The aircraft involved was a Boeing 737-3H4, registered as N387SW, with serial number 26602. 126 passengers and 5 crew members were on board, on a scheduled flight from Nashville International Airport to Baltimore/Washington International Airport. The aircraft took off from Nashville at 4:05 pm CDT (5:05 pm EDT) and climbed for about 25 minutes, leveling off at a cruising altitude of approximately 35,000 ft.

At about 5:45 pm EDT, the aircraft experienced a rapid decompression event, causing the cabin altitude warning to be activated in the cockpit, indicating a dangerous drop in cabin pressure. Passenger oxygen masks deployed automatically. The aircraft systems disengaged the autopilot, and the captain began an emergency descent to bring the aircraft down into denser air to prevent passenger hypoxia. The cabin altitude alarm ceased as the aircraft passed through about 9,000 ft.
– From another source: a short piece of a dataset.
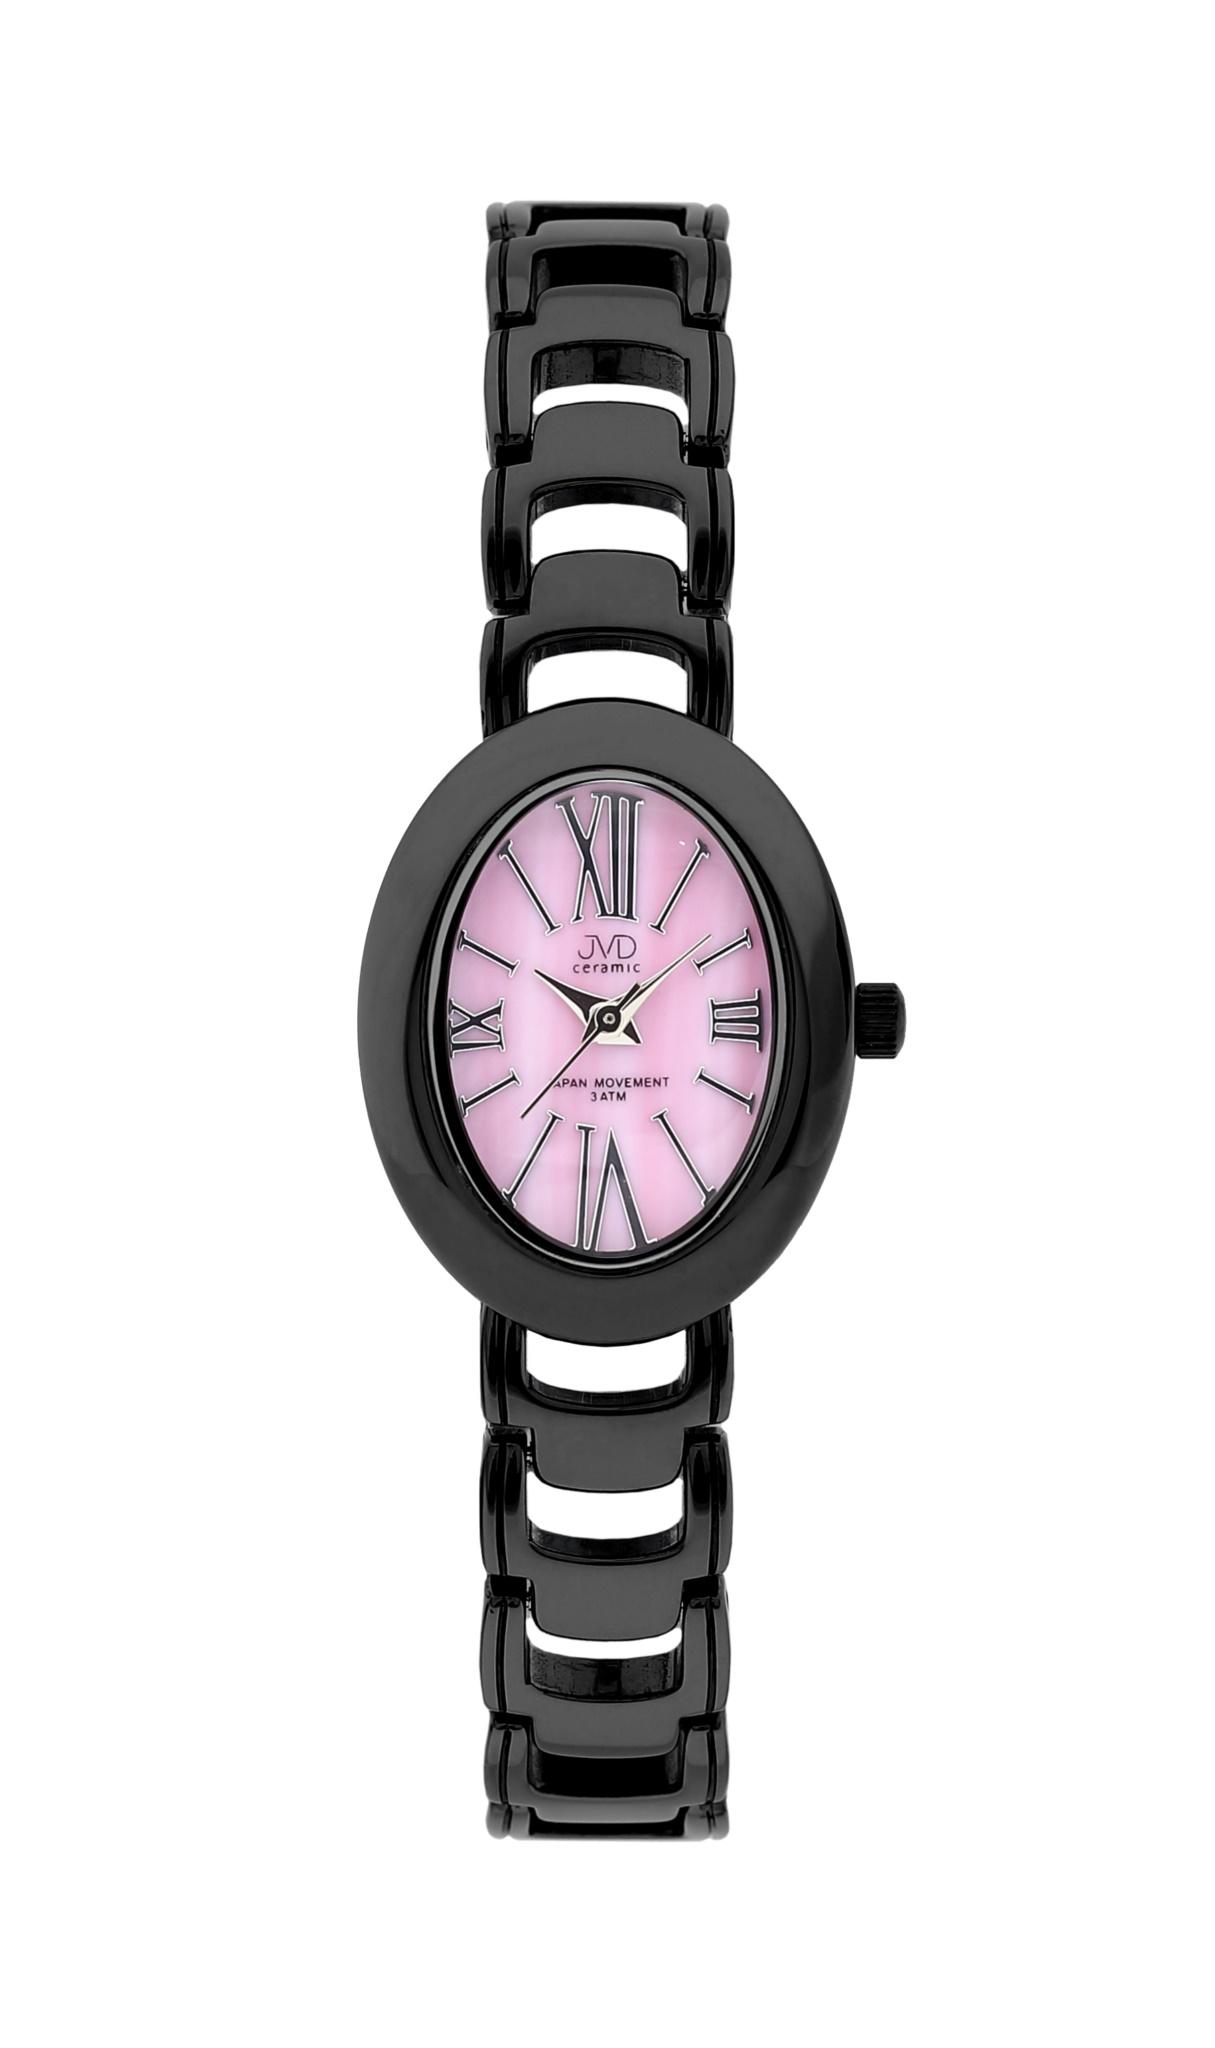 Luxusní keramické dámské náramkové hodinky JVD ceramic J6010.1

The flight crew declared an emergency and landed the aircraft safely at Yeager Airport in Kanawha County, West Virginia, near Charleston. After landing, the aircraft was found to have a three-sided hole in the fuselage, 17.4 in long, and between 8.6 to 11.5 in wide, forward of the leading edge of the vertical stabilizer, at the rear end of the aircraft.

==Investigation==
The incident was investigated by the Federal Aviation Administration (FAA) and the National Transportation Safety Board (NTSB). NTSB review of the cockpit voice recorder records, and post-incident interviews, showed that the flight crew acted appropriately in response to the emergency. The NTSB investigation found that the incident was caused by a metal fatigue crack in the fuselage skin.
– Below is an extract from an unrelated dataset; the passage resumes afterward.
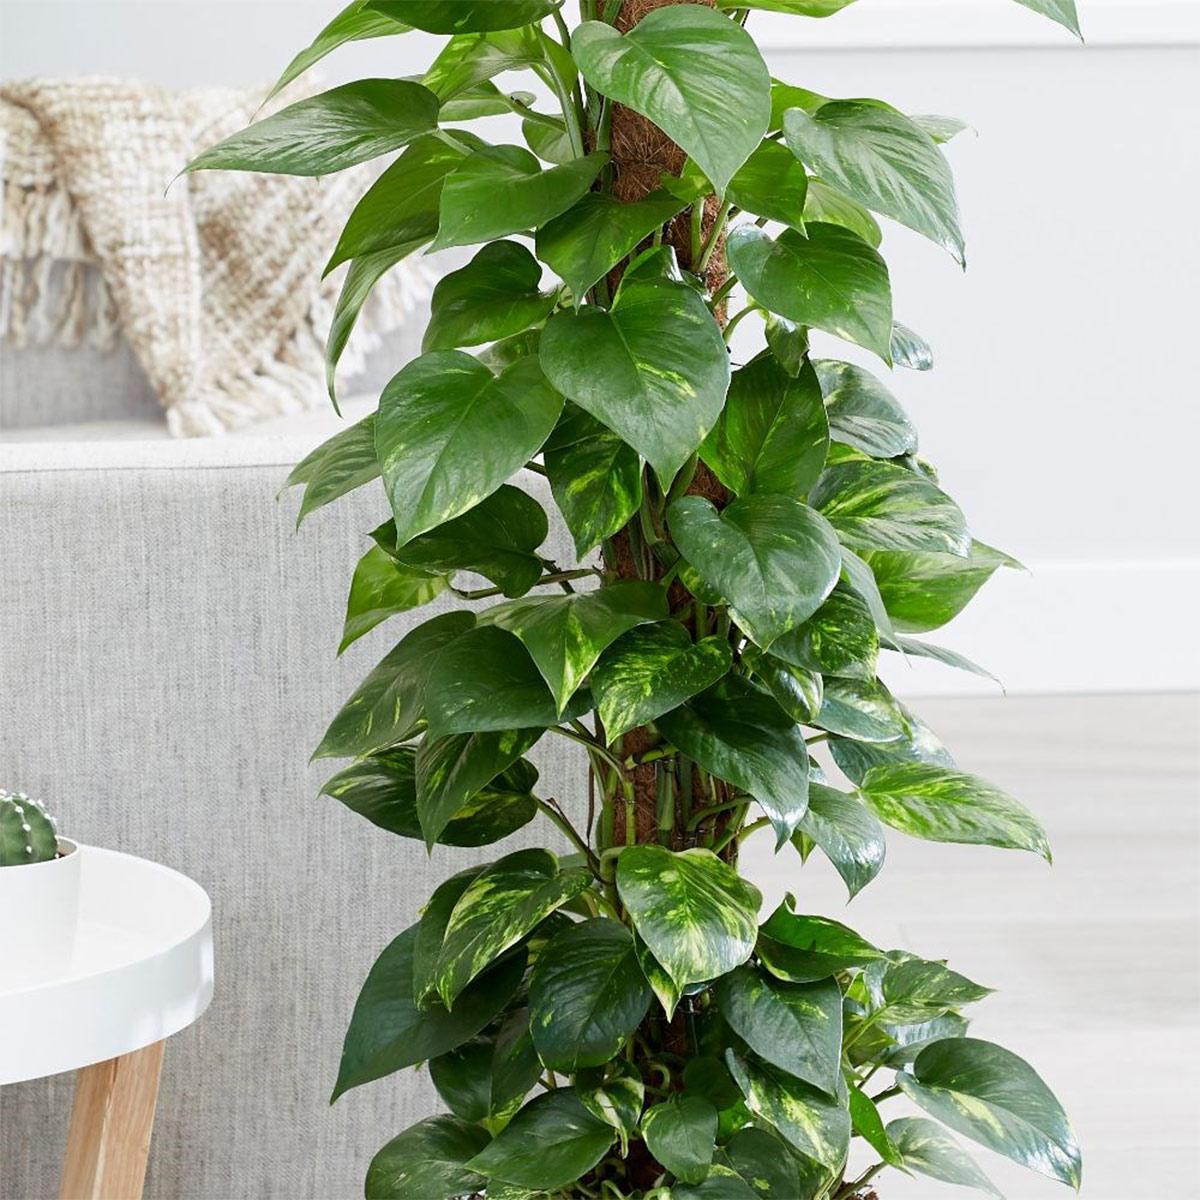 trồng cây trầu bà trong nhà

The aircraft was delivered to Southwest Airlines in June 1994, and at the time of the incident flight, had accumulated approximately 42,500 takeoff/landing cycles, and 50,500 airframe hours. Highly magnified inspections found that a long metal fatigue crack had developed at the boundary of two different manufacturing processes used by Boeing in creating the fuselage crown skin assembly. Boeing finite element modeling had suggested that stress forces in this boundary region are higher due to differences in stiffness, indicating that a failure was more likely to occur in this area after a certain number of pressurization-depressurization cycles.

Following this incident, on September 3, 2009, Boeing issued a Service Bulletin calling for repetitive external inspections to detect any cracks in this more-vulnerable area of the fuselage skin. The FAA then followed up by issuing an Airworthiness Directive on January 12, 2010, mandating these inspection requirements.
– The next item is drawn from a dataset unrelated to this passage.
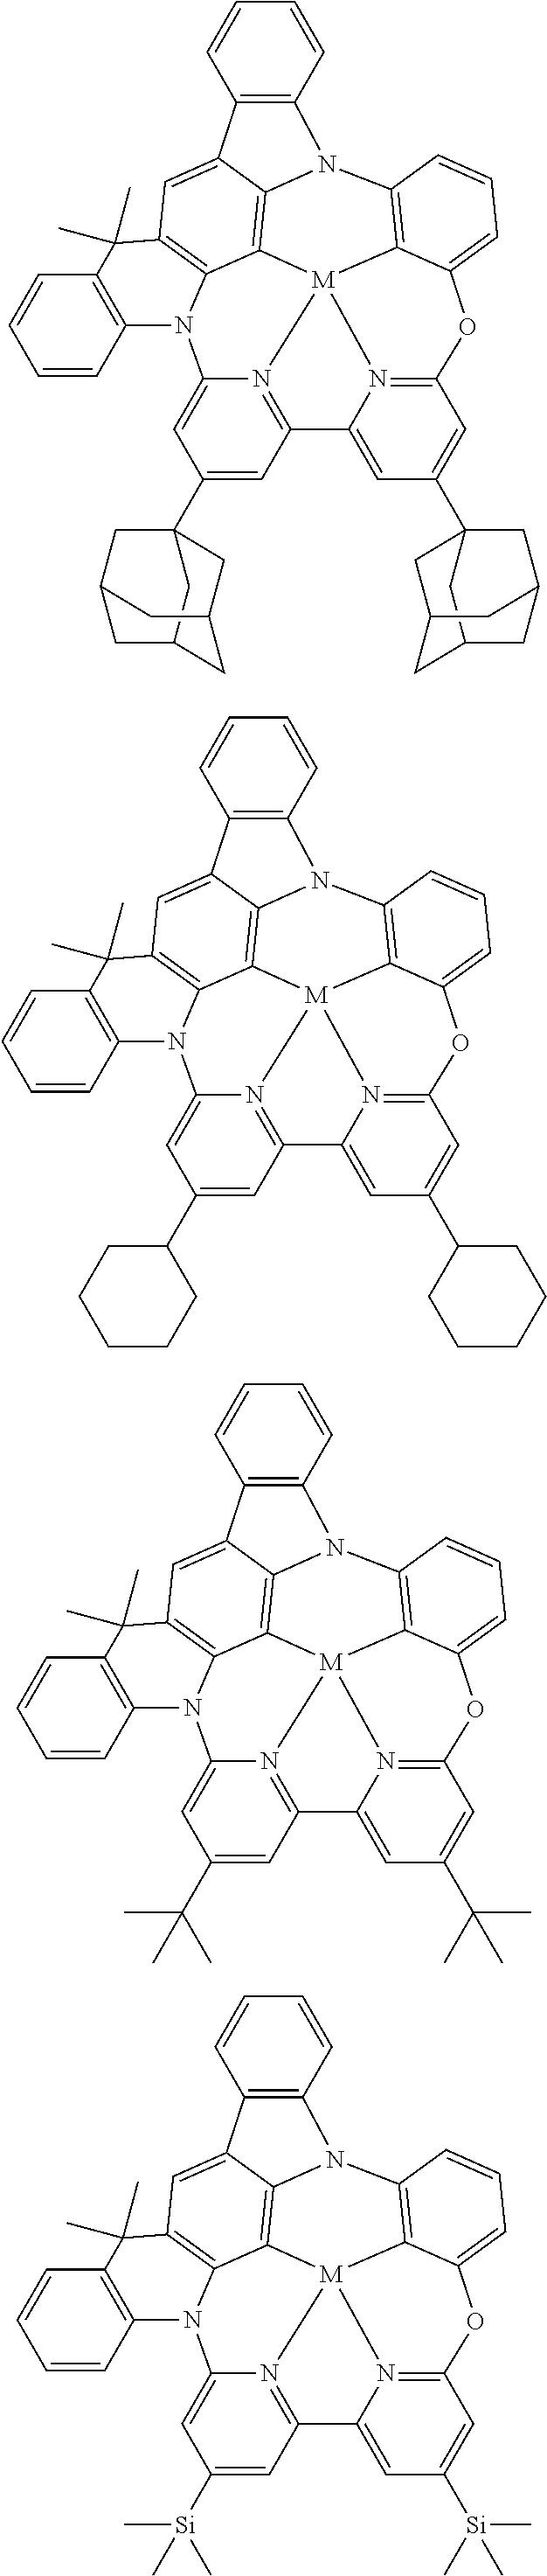 Figure US10158091-20181218-C00205

Earlier criticism of the carrier's lax maintenance and inspection practices, for which the airline had been fined $7.5 million in 2008, was quickly echoed.

== Aftermath ==
On April 1, 2011, less than two years later, a similar incident occurred on Southwest Airlines Flight 812, involving another Southwest Airlines Boeing 737-3H4. In response to the second incident, the FAA issued an Airworthiness Directive requiring more frequent inspections by all airlines operating Boeing 737 Classic aircraft.

As of April 2024, Southwest Flight 2294 is a daily service from Honolulu to Hilo, operated by a Boeing 737 MAX 8 aircraft.